Sunday, April 22, 2007

Manga Kakumei! 漫画革命!

Sunday, April 22, 2007

By EVELYN SHIH
STAFF WRITER


# THE DARK GOODBYE: Volume 1, by Frank Marraffino and Drew Rausch; Tokyopop, 192 pages, $9.99.
# KING CITY: Volume 1, by Brandon Graham; Tokyopop, 192 pages, $9.99.


Manga may be a Japanese word, but the genre is no longer the sole providence of the Land of the Rising Sun. Tokyopop's new "global manga" push has resulted in a new crop of mangas that are made in the U.S.A.

"The Dark Goodbye" and "King City" are both American mangas rated for older teens.

The sci-fi "King City" transports us to a dystopian world with a style that combines the rounded touch of Japanese manga with American alternative comic quirkiness, bringing a dark edge.

Its main character, Joe the cat-master, goes on missions impossible for underground bosses by using his cat as a weapon and tool. The cat, when injected with "cat juice," morphs its parts into usable objects and copies keys in its gut.

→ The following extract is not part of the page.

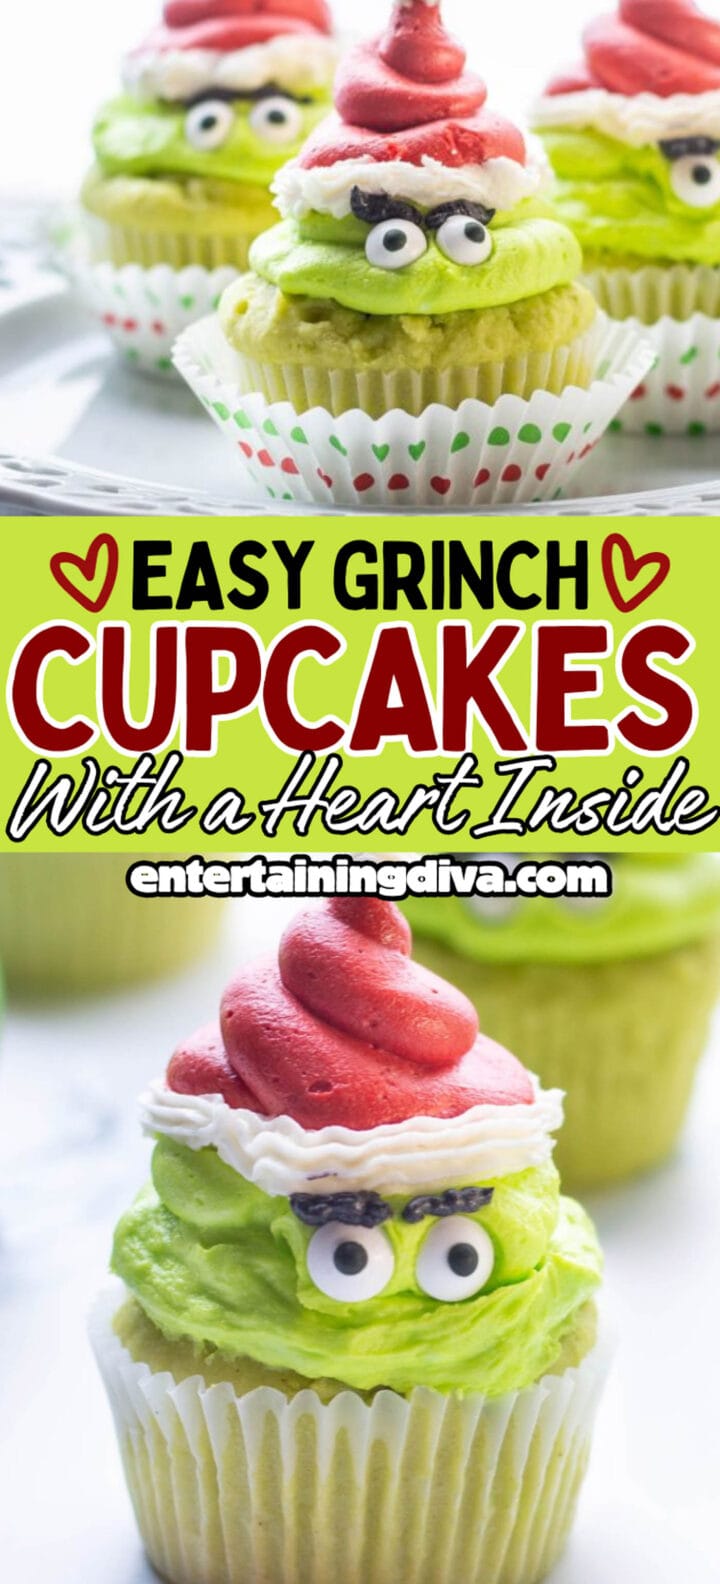 Easy cupcakes with a heart inside.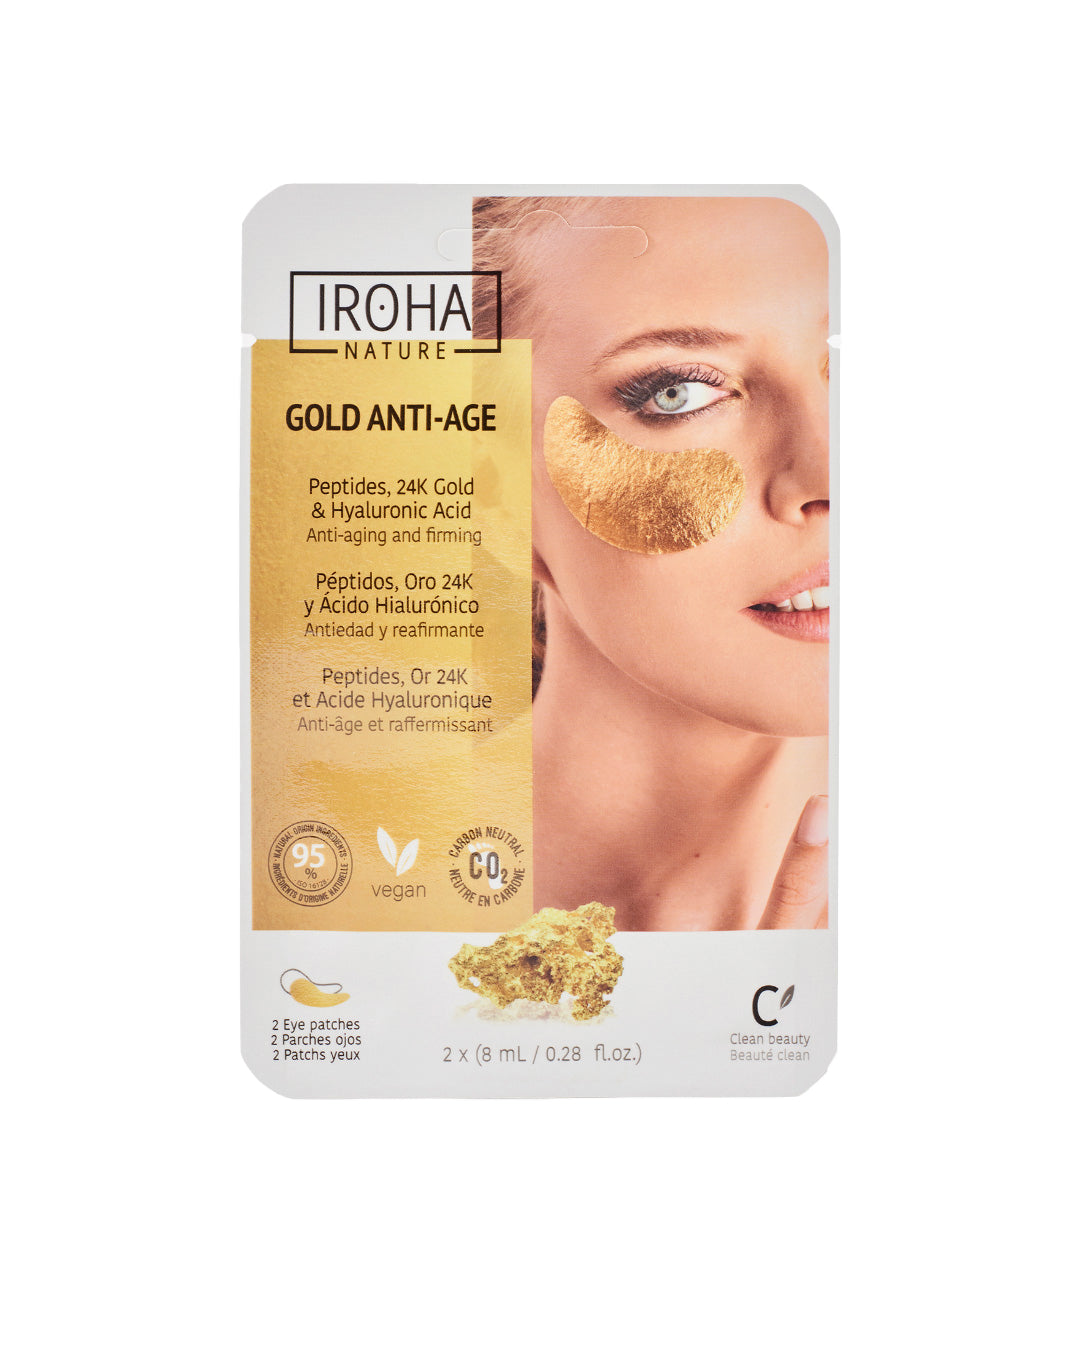 

Iroha Nature Anti-Aging Eye Contour Patch in Foil Technology with Peptides, 24K Gold, and Hyaluronic Acid 2 pcs x 8 ml

Conspiracies threaten to destroy the world with evil magical forces, but Joe isn't trying to save it. Returning to his native King City, something of a ghost town, he's more concerned about his former flame Anna, who is in a relationship with a war veteran. "That girl used to put glue in her hair and jump on the bed and taste like grape candy. And how do you get over that?" muses Joe, staring at his own skater boy image in a bathroom mirror. In the end, it is what he will do to save her that makes him pull out the heroics -- and the cat's secret weapon.

"The Dark Goodbye," a noir horror manga, has a clearer hero in the chronically hung-over gumshoe Max Mason. Think "The Nightmare Before Christmas" meets "Dick Tracy" meets Japanese fantasy manga.

And that's before we meet the man-eating Venus flytraps, squid creatures 20,000 leagues above where they should be and a man whose body is composed of carnivorous insects. Why the monster menagerie? The city is "Los Allende," short for "Puerta a los Allende" -- "gateway to the other side."

Volume 1 is a contained episode in chapters, telling the story of the twins Lavinia and Mary Tillinghast (which is which?) and a powerful corporate family fighting an underground mob in a battle between good and evil (again: which is which?).

Now that's a question with global appeal.